```
library(dplyr)
library(parsnip)
library(workflows)
library(recipes)
library(epiprocess)
library(epipredict)
```

## Goals for the package

At a high level, our goal with epipredict is to make running simple Machine Learning / Statistical forecasters for epidemiology easy. However, this package is extremely extensible, and that is part of its utility. Our hope is that it is easy for users with epi training and some statistics to fit baseline models while still allowing those with more nuanced statistical understanding to create complicated specializations using the same framework.

Serving both populations is the main motivation for our efforts, but at the same time, we have tried hard to make it useful.

### Baseline models

We provide a set of basic, easy-to-use forecasters that work out of the box. You should be able to do a reasonably limited amount of customization on them. Any serious customization happens with the framework discussed below).

For the basic forecasters, we provide:

- Baseline flat-line forecaster
- Autoregressive forecaster
- Autoregressive classifier

All the forcasters we provide are built on our framework. So we will use these basic models to illustrate its flexibility.

### Forecasting framework

Our framework for creating custom forecasters views the prediction task as a set of modular components. There are four types of components:

- Preprocessor: make transformations to the data before model training
- Trainer: train a model on data, resulting in a fitted model object
- Predictor: make predictions, using a fitted model object and processed test data
- Postprocessor: manipulate or transform the predictions before returning

Users familiar with `{tidymodels}`

and
especially the `{workflows}`

package will notice a lot of overlap. This is by design, and is in fact
a feature. The truth is that epipredict is a wrapper
around much that is contained in these packages. Therefore, if you want
something from this -verse, it should “just work” (we hope).

The reason for the overlap is that workflows
*already implements* the first three steps. And it does this very
well. However, it is missing the postprocessing stage and currently has
no plans for such an implementation. And this feature is important.
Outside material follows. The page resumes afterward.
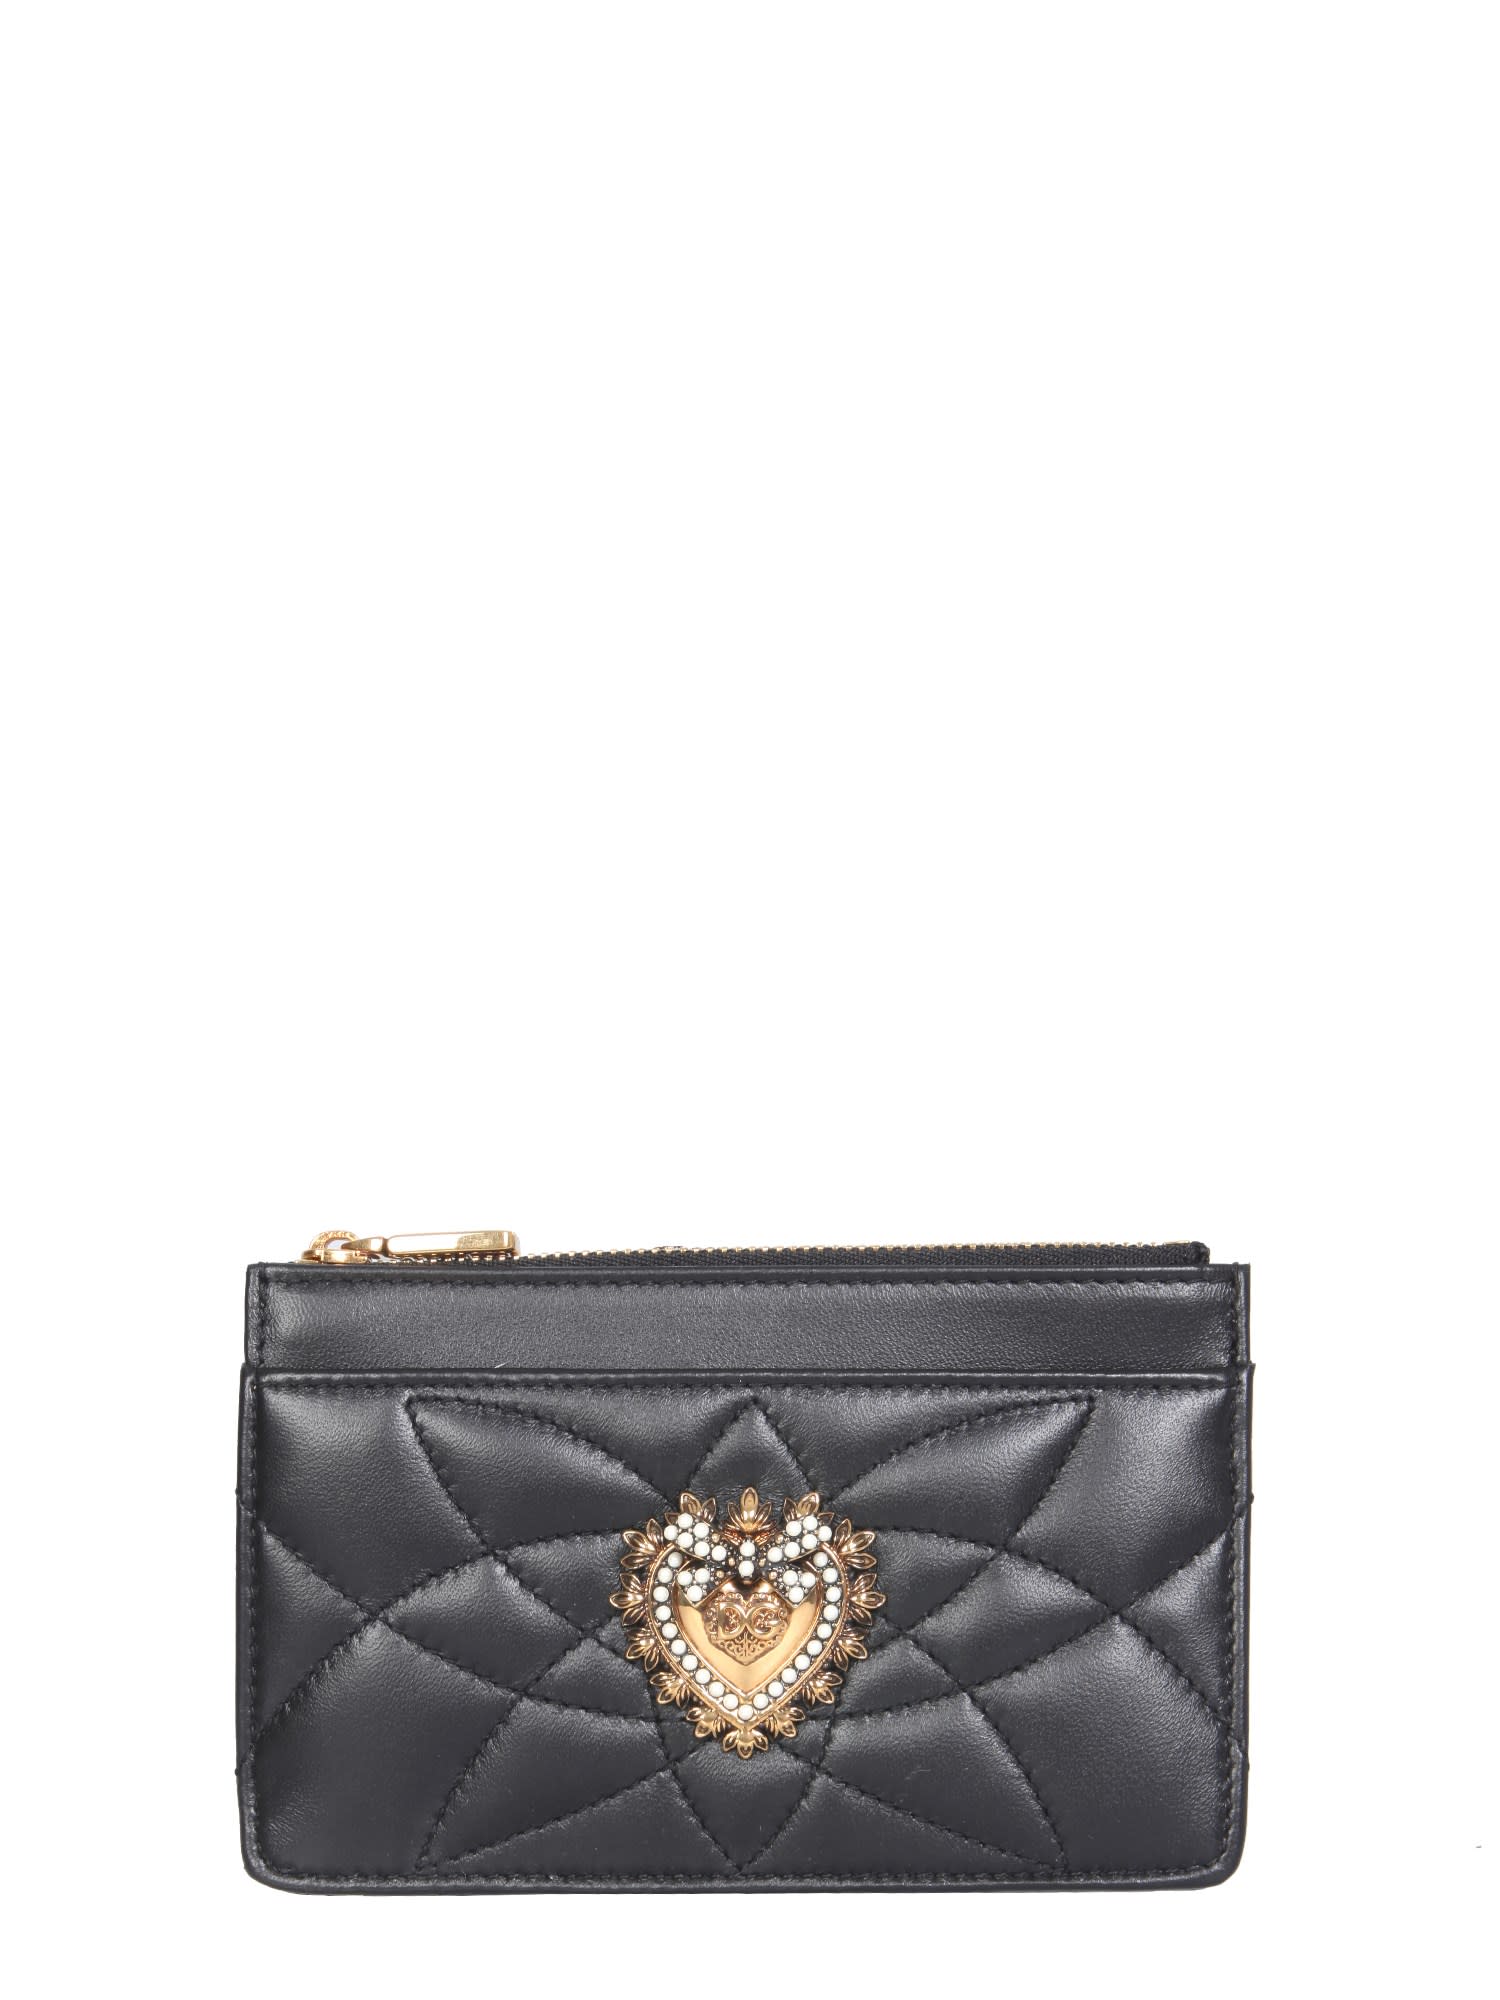 Dolce & Gabbana Devotion Leather Card Holder

The
baseline forecaster we provide *requires* postprocessing.
Anything more complicated needs this as well.

The second omission from tidymodels is support for panel data. Besides epidemiological data, economics, psychology, sociology, and many other areas frequently deal with data of this type. So the framework of behind epipredict implements this. In principle, this has nothing to do with epidemiology, and one could simply use this package as a solution for the missing functionality in tidymodels. Again, this should “just work”.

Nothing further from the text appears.